The employee retention credit (ERC), once a valuable incentive for businesses that kept employees on payroll during the COVID-19 pandemic, has entered a new and more restrictive phase. With recent legislative changes under the One Big Beautiful Bill Act (OBBBA), employers must reevaluate their eligibility and documentation to avoid harsh penalties and disallowed claims.
What is the ERC?
Originally introduced under the Coronavirus Aid, Relief, and Economic Security (CARES) Act, the ERC offered a refundable payroll tax credit to eligible employers who retained employees during pandemic-related disruptions. It applied to wages paid after March 12, 2020, and before Oct. 1, 2021, with enhanced benefits for recovery startup businesses through Dec. 31, 2021. The credit’s scope and eligibility have changed several times since then, causing some confusion and, unfortunately, exploitation.
Key ERC changes under OBBBA
According to the IRS, more than 3.5 million ERC claims have been filed, many of which are still being audited. Recent legislative changes, like those made under the OBBBA aim to tighten control and close avenues for abuse.
1. Disallowance of New ERC claims after January 31, 2024
Under OBBBA, any ERC claims filed after Jan. 31, 2024, are disallowed, even if it would have been valid under previous statute of limitations rules. This retroactive cutoff directly responds to widespread questionable filings and places a hard stop on new refund requests.
This means employers that missed the deadline can no longer claim the credit, even for legitimate reasons. It’s a sharp deviation from standard tax practice and a sign of how seriously Congress is treating ERC enforcement.
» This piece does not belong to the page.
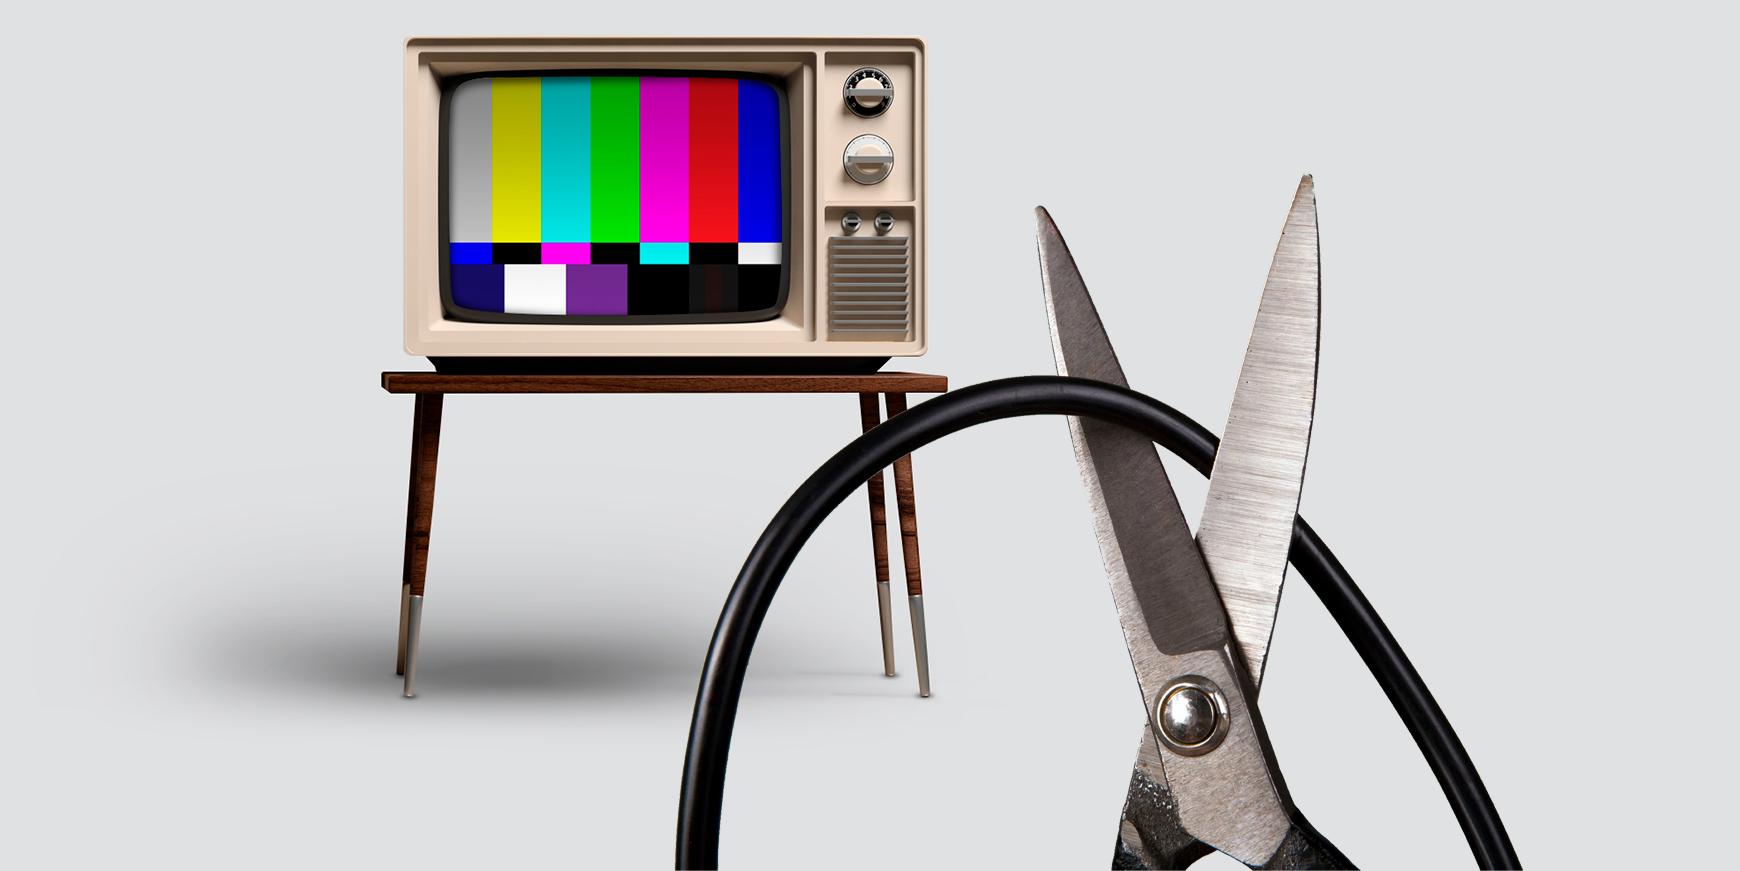 tv-kablerne

2. Extended statute of limitations
For claims related to wages paid in Q3 and Q4 of 2021, the statute of limitations has been extended from three years to six years, now expiring on April 15, 2028. This extension gives the IRS a longer window to audit and assess existing claims. Businesses that already filed should retain records and documentation through that date, especially if their claim involves the second half of 2021. Employers should retain all supporting documentation for these claims through at least April 15, 2028, to be prepared for potential IRS examinations.
3. Increased penalties for improper claims
The OBBBA introduces a new $1,000 per-failure civil penalty on “covid-era promoters” and taxpayers who file improper ERC claims. An additional 20% penalty will be assessed on excessive refund claims as well. The IRS wants to ensure claims were made based on accurate eligibility standards, inflated revenue loss calculations, or mischaracterized shutdowns.
The penalties for inaccurate or fraudulent claims could include repayment of the credit, interest, and additional fines. Employers are encouraged to review claims already filed to ensure full compliance with IRS guidance.
Who should still be concerned?
Although the credit can no longer be claimed, employers who already filed, or plan to defend claims during an audit, must stay informed. Here’s what businesses should focus on:
- Documentation: Maintain records supporting ERC eligibility, such as comparisons of gross receipts and governmental orders that impacted operations.
- Audit preparedness: Be ready for scrutiny, especially for high-dollar claims or those filed close to the Jan. 31, 2024, deadline.
- Promoter due diligence: Businesses that relied on third-party firms to calculate or submit ERC claims should verify that those filings followed IRS rules. The IRS continues to publish warnings about aggressive ERC mills.
IRS initiatives and guidance
In fall 2023, the IRS launched an ERC moratorium on processing new claims and introduced an ERC withdrawal program for employers who filed questionable claims. The agency also offers a voluntary disclosure program for taxpayers seeking to correct prior filings and repay improper credits. These initiatives, paired with OBBBA’s enforcement tools, aim to clean up the ERC backlog and restore confidence in tax compliance.
What employers need to know
The employee retention credit was a lifeline for many businesses during the pandemic, but its legacy is now intertwined with compliance risk and aggressive enforcement. Employers should:
- Confirm that any previously filed ERC claim was based on solid documentation and correct eligibility
- Consult with a qualified tax professional, not a promoter, if questions arise about existing claims
- Preserve records through April 15, 2028, for Q3 and Q4 2021 wages
While the ERC program may be closed to new applicants, its aftereffects will continue to impact employers for years. Staying informed and in compliance is the best strategy to navigate the evolving ERC landscape.